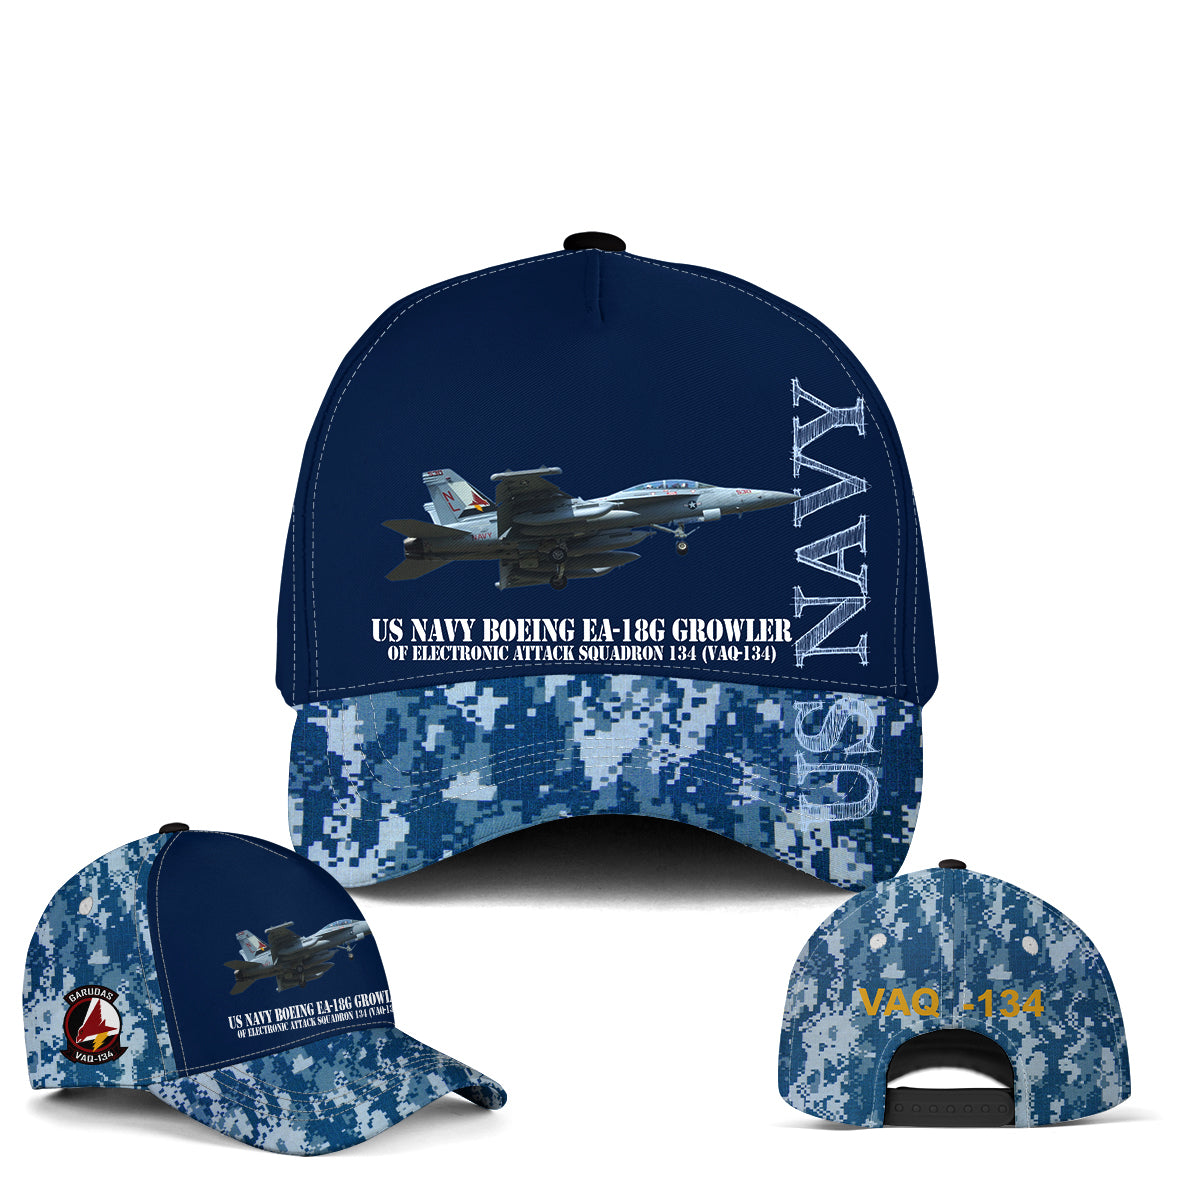 US Navy Boeing EA-18G Growler Of Electronic Attack Squadron 134 (VAQ-134) Baseball Cap
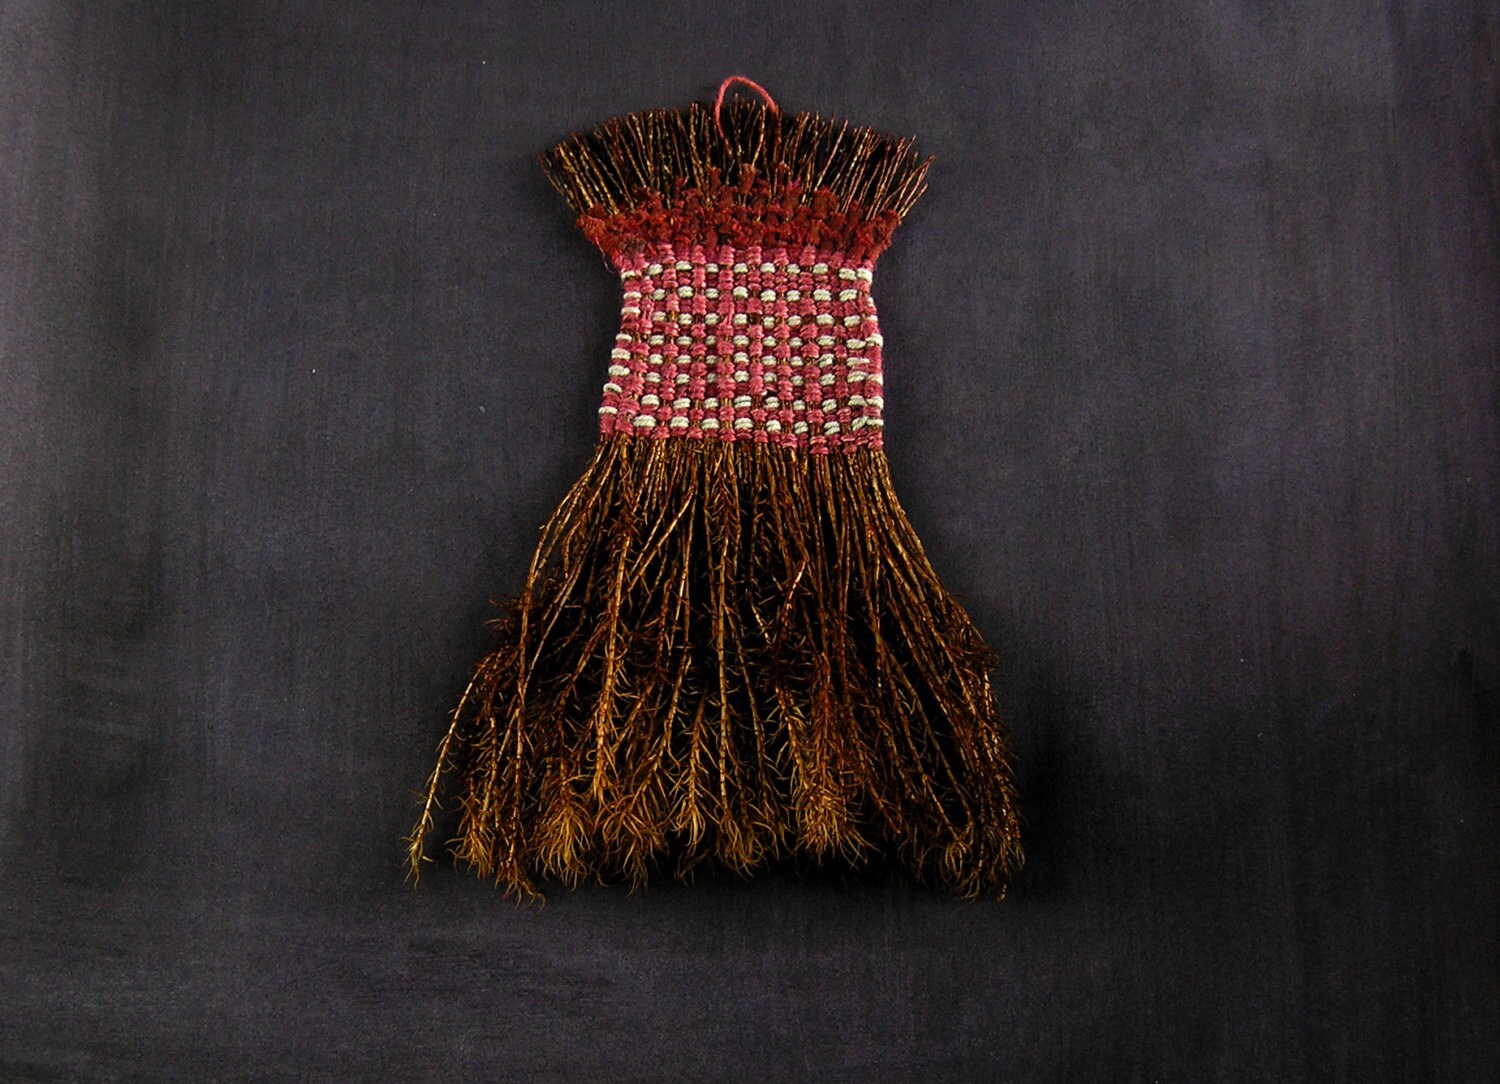 Small Whisk Broom - Kitchen Wall Decor - Country and Primitive Wall Decor - Birribe
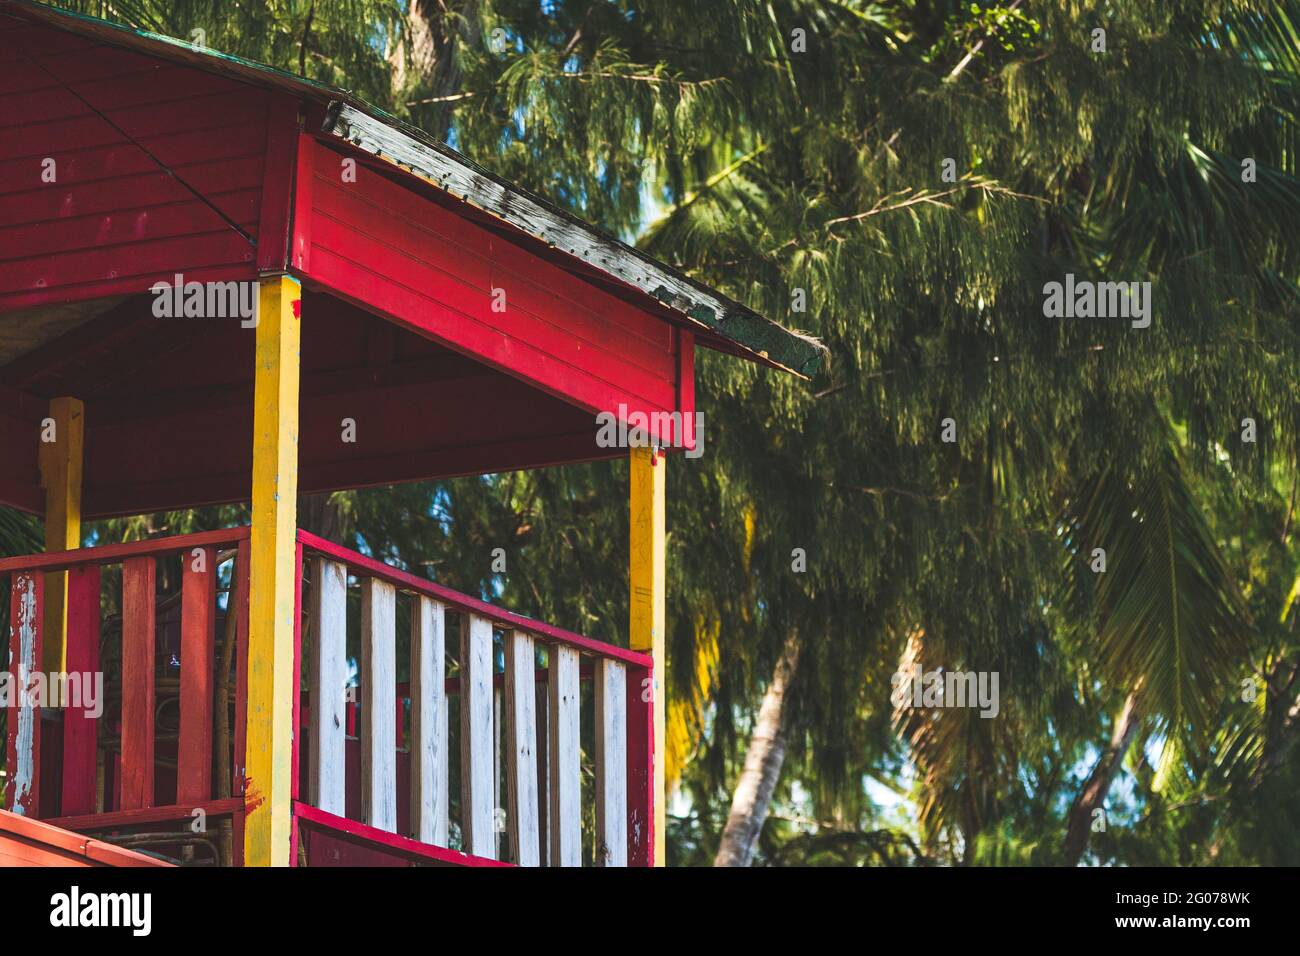 Close up of Red Lifeguard hut on tropical beach Stock Photo
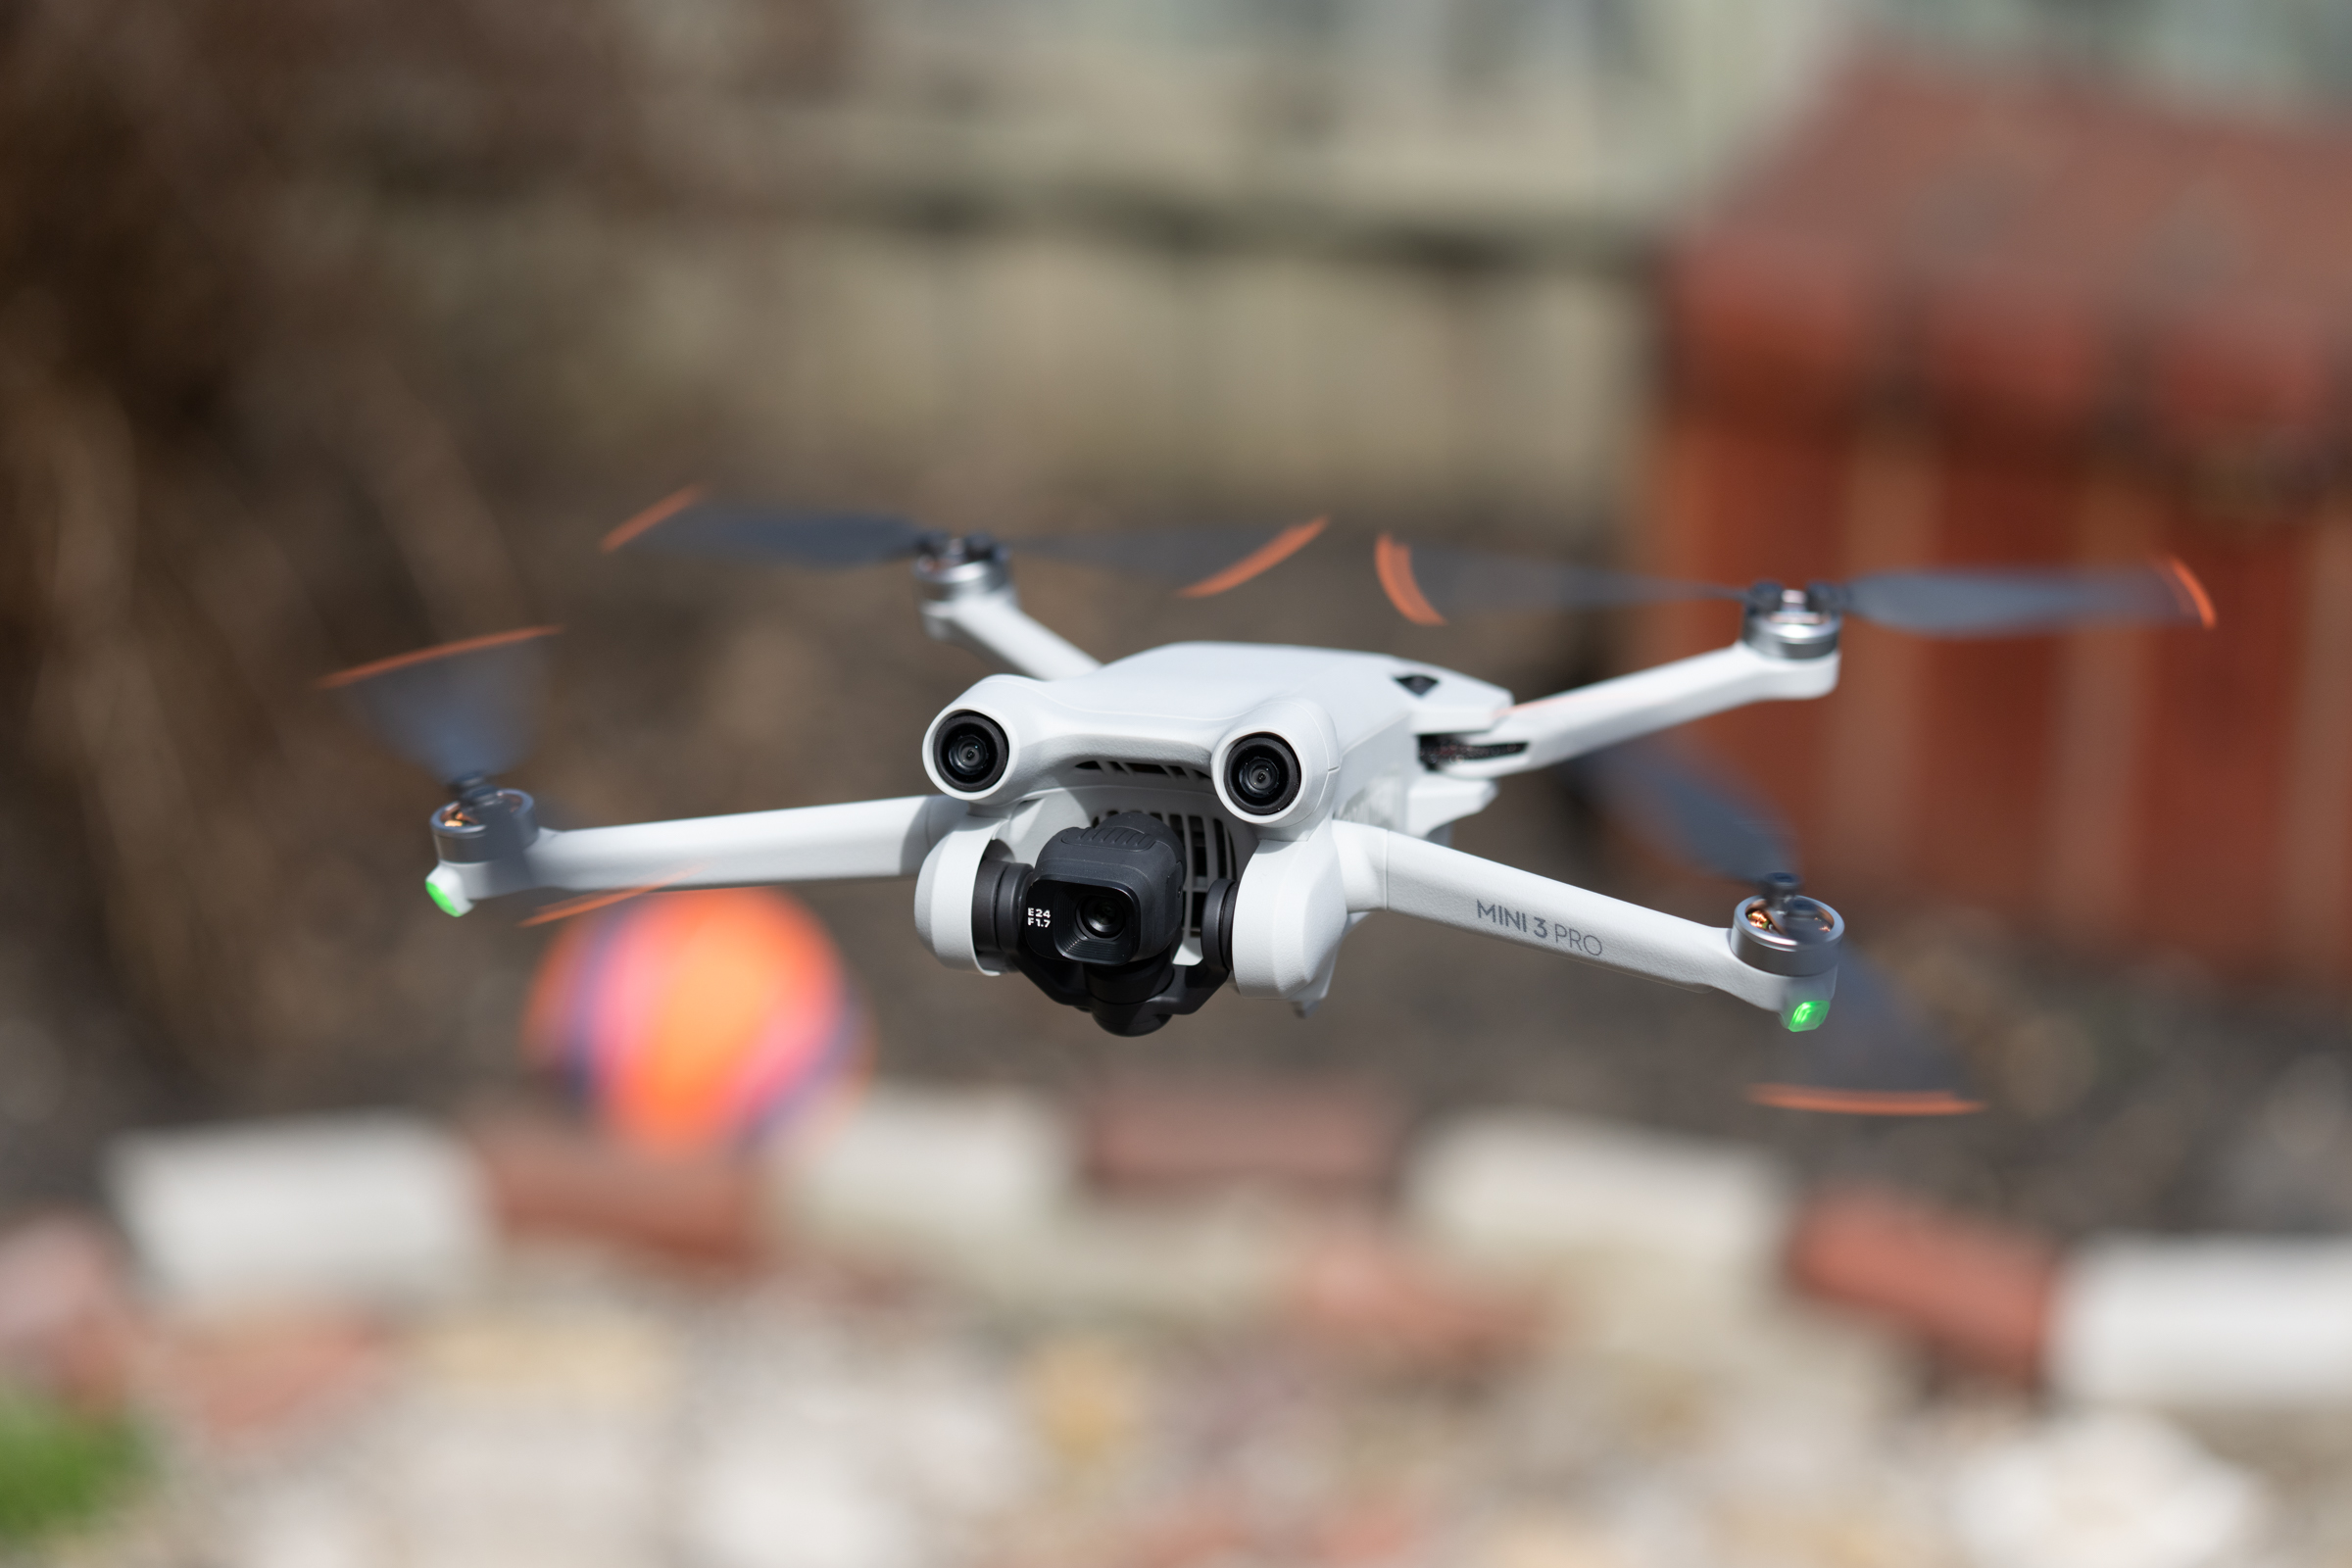 DJI's new Mini 3 Pro drone hits the aerial photography sweet spot

#### ACTIVITY
Please return the lines from the line with "Close up of" through the last line of the data, both included, exactly, and without pictures.

#### ANSWER
 Close up of Red Lifeguard hut on tropical beach Stock Photo
 DJI's new Mini 3 Pro drone hits the aerial photography sweet spot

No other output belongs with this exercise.